Inspirato Theatre Mentoring Project

Ten days to the deadline for the first draft of a ten-minute play for this year’s Inspirato Festival (at the Alumnae Theatre in Toronto, May 30-June 8, 2013).

Below, the fellow Inspirato playwrights in the same predicament. Half of us have to write a play related to « tunnel » and the other half of us on « rope ». (Then, we work with a dramaturge to polish the play in time for production.)

InspiraTO’s Playwrights’ Mentoring Project participants: Standing (L to R): Jenny Alexander, Lindsay Cochrane, Brett Haynes, Ayesha Mansur, A.M. Matte, Kevin Craig, Jordan Mechano, Christopher Duthie. Kneeling (L to R): Ashley Park, Rachel Ganz, Madeleine Jullian, Mirella Christou.

 

So far, I’ve written about two women attempting to rob a club owner, a mother eager to see her child off to college and a violin maker in love with a musician. None of those plays  have what it takes to make it to the festival’s mentors.

However, I’m fairly confident about my latest attempt, in which two crooks get swindled. I now just have to figure out if anyone gets shot at the end. Thoughts?

Good News and Free Flow

I happily began the year 2013 with three bits of good writing news:

– I won second place in Good News Toronto‘s True Story Contest. (more on that here)

– My short story Nelles (in French) will be published in the literary magazine Virages in March. (an excerpt can be found here)

–  I will have a ten-minute play produced in this year’s Inspirato Festival, for which I must  write a play from scratch.

As part of  Inspirato Festival’s Playwrights’ Mentoring Project, I attended a day-long workshop during which I met my fellow playwrights and did short writing exercises before being assigned the subject matter of the play I am to write for the festival in June 2013.

One of the exercises included building a small sculpture and writing a free flow/stream of consciousness monologue from its point of view. The result:

We voyaged across the sea, but remain perched in precarious existence. If we photosynthesized, we’d be leaning toward the sun. As it is, we merely lean gravity-ward, which annoys us as we yearn to achieve more. We are both practical and whimsical; our career as a children’s entertainer didn’t last long. If we had the means, we’d bask in the collective glow of of super troupers and admiration. Sadly, the reflection of mere trinkets in the mirror remind us that inanimate life cannot hope, as Pinocchio did, to become real. And even if we fulfilled our dream of a grander, more productive life, it might be at the cost of a separation too painful to fathom. A diminutive pedestal therefore must suffice; hope of a melody at our centre remaining merely the lullaby of slumber, which, even that, escapes us.

A trinket from Croatia, a set of skeleton keys and a foam clown nose get me writing.

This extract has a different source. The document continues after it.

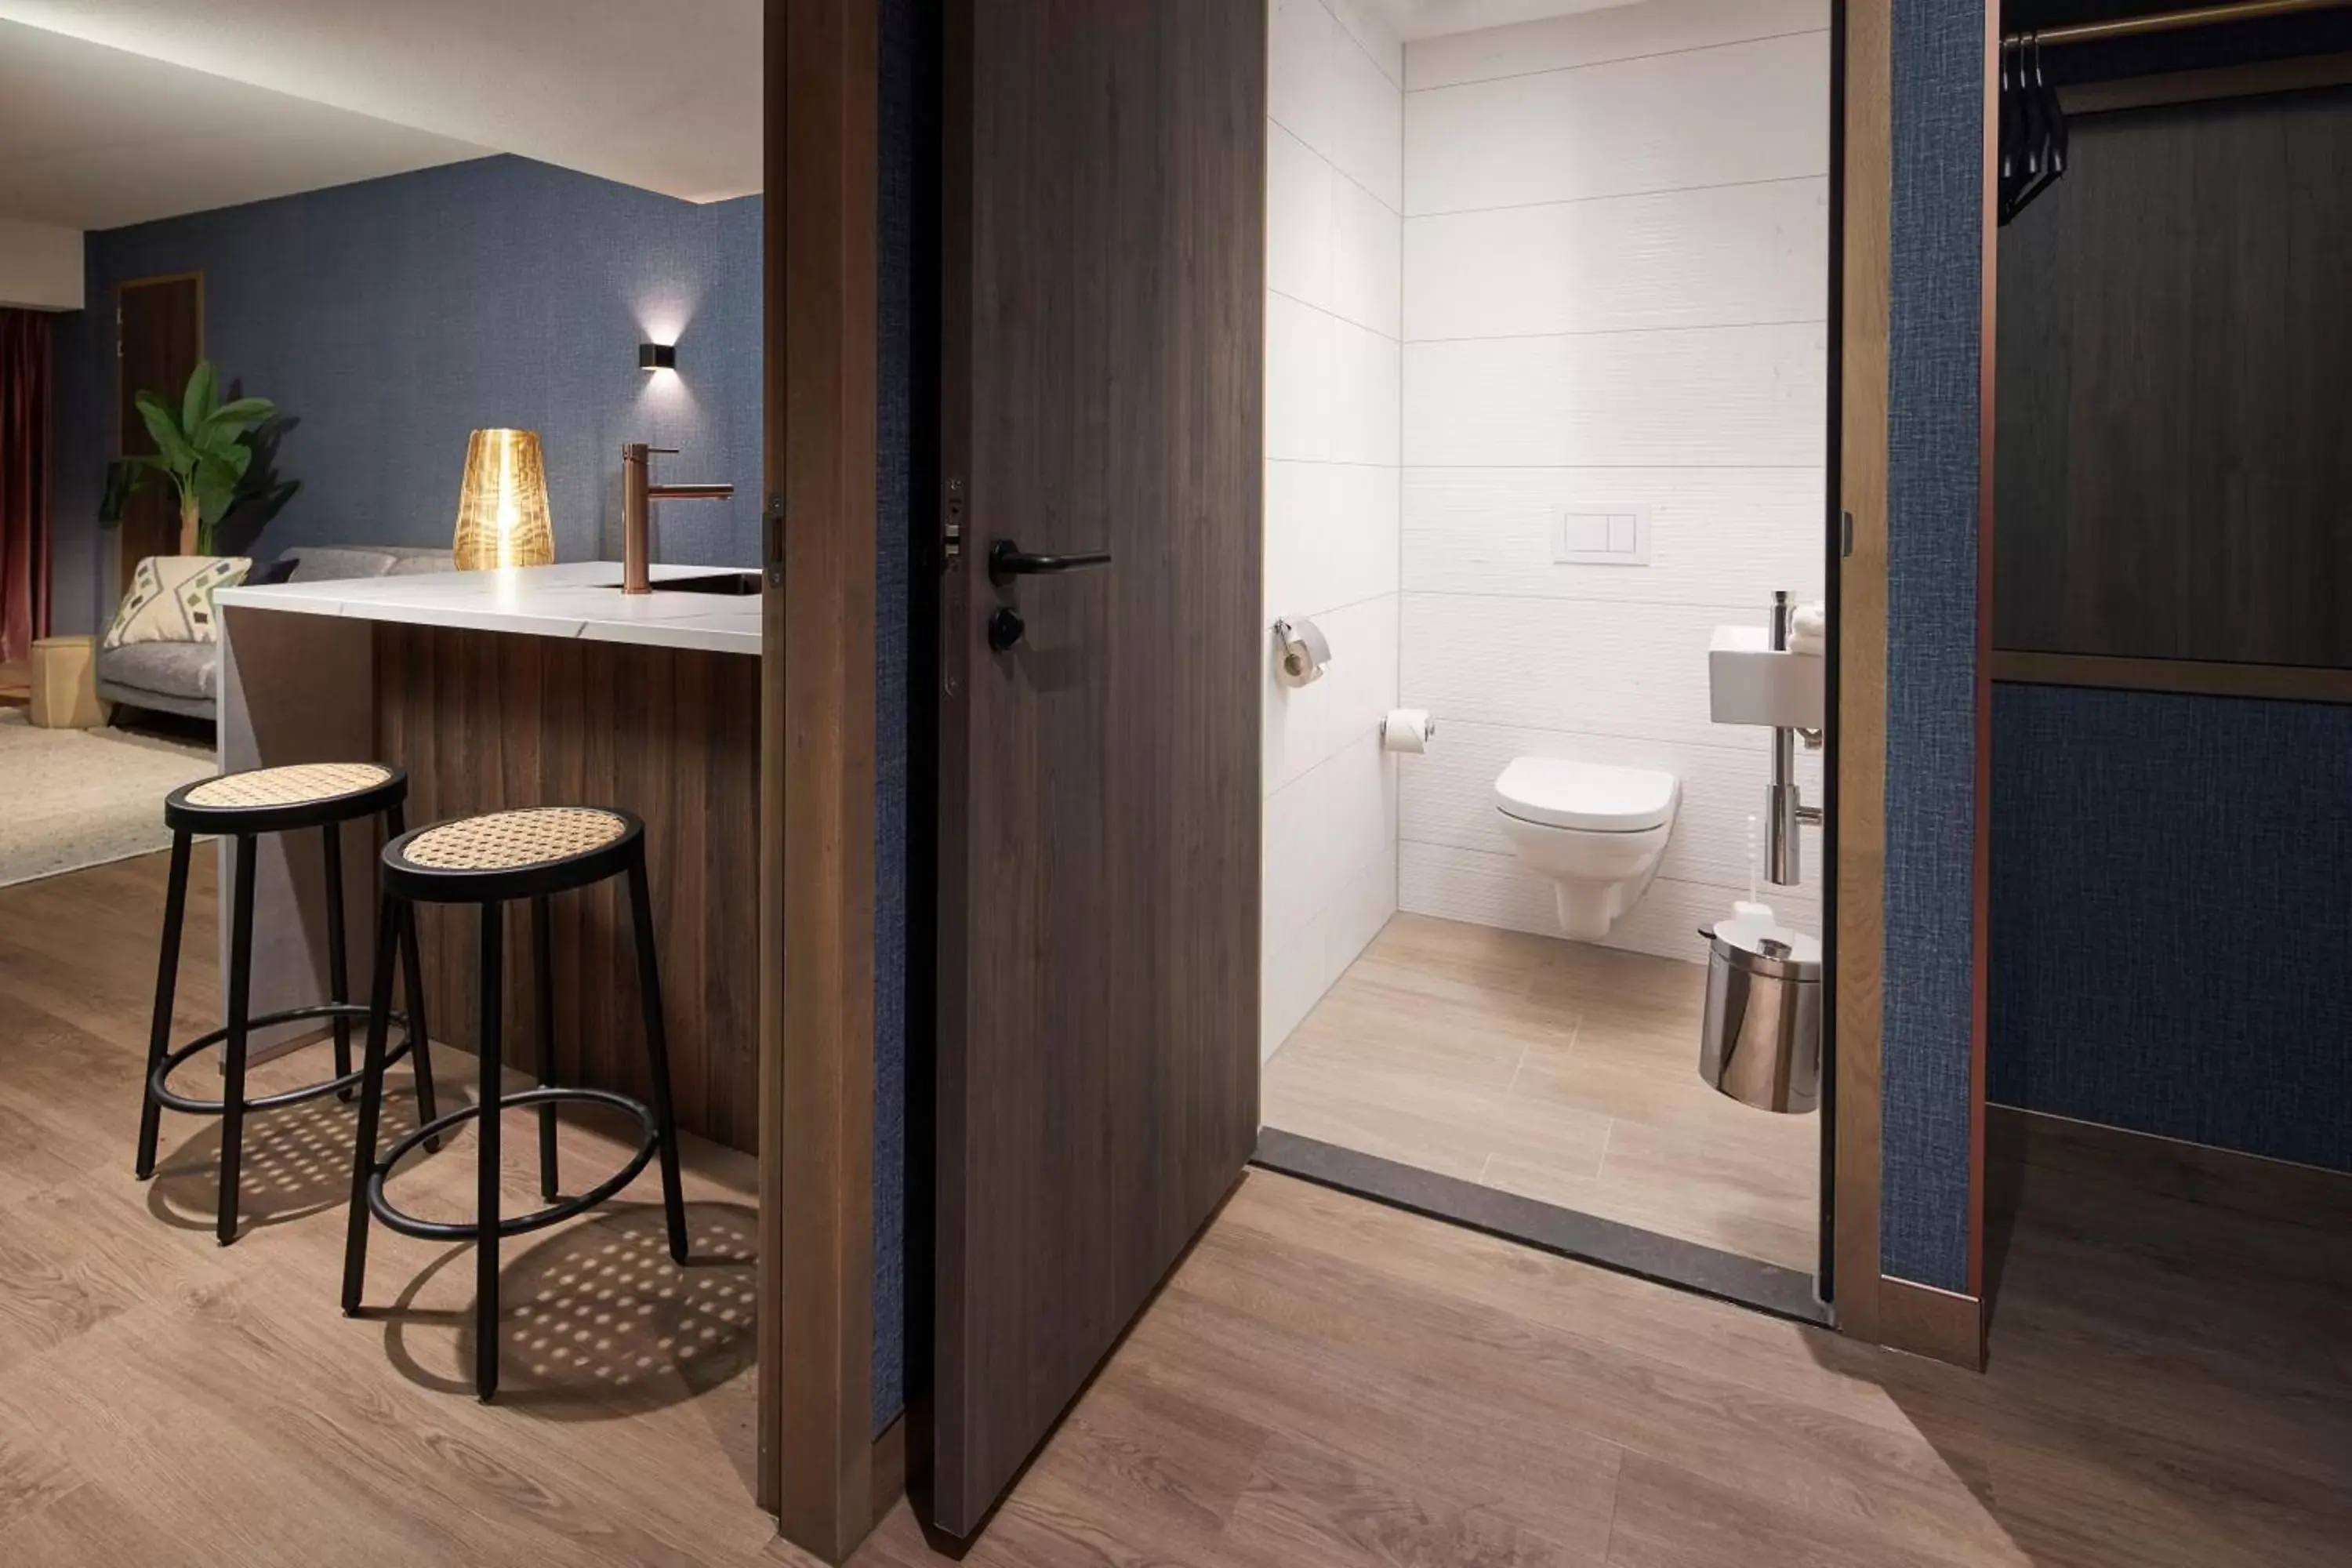 Toilet, Bathroom in Van der Valk Hotel Haarlem

It’s unlikely that this text makes it anywhere into the short play I need to write by next month, but it was fun playing with words and getting something down, pencil to paper. Now to write about rope…

My Procrasti-Nation

My living room has been my procrasti-Nation for the past few weekends. Despite promising myself I would have my new play Seven Dragon Happy-Go-Lucky Golden Garden House of Foo(d) updated by mid-February (oops) early March (nope) end of March (fingers crossed), I’ve been easily distracted by the usual: watching my son play choo-choo with his Thomas the trains (yes, there are more than one), watching sci-fi TV shows with my husband, and washing and folding the laundry.

There is no ‘logical’ reason for my postponing work on this play. My mentor is (was) expecting it, I know what I have to update and, most weekends, I have time to devote to the project (as this article proves with its existence). So why no work? Am I paralyzed with the fear of the final product, dreading letting my play fend for itself in the world? I can’t imagine that to be so; I’ve worked on Seven Dragon longer than I’ve had my son. With my mentor’s help, I will seek a theatre company to workshop and produce it. I’ve long dreamt of seeing it play out on stage.

But that can’t happen until it’s ready. And it won’t be ready until I modify a scene and adjust the ending. So. Off I go, then. When I come back from the gym.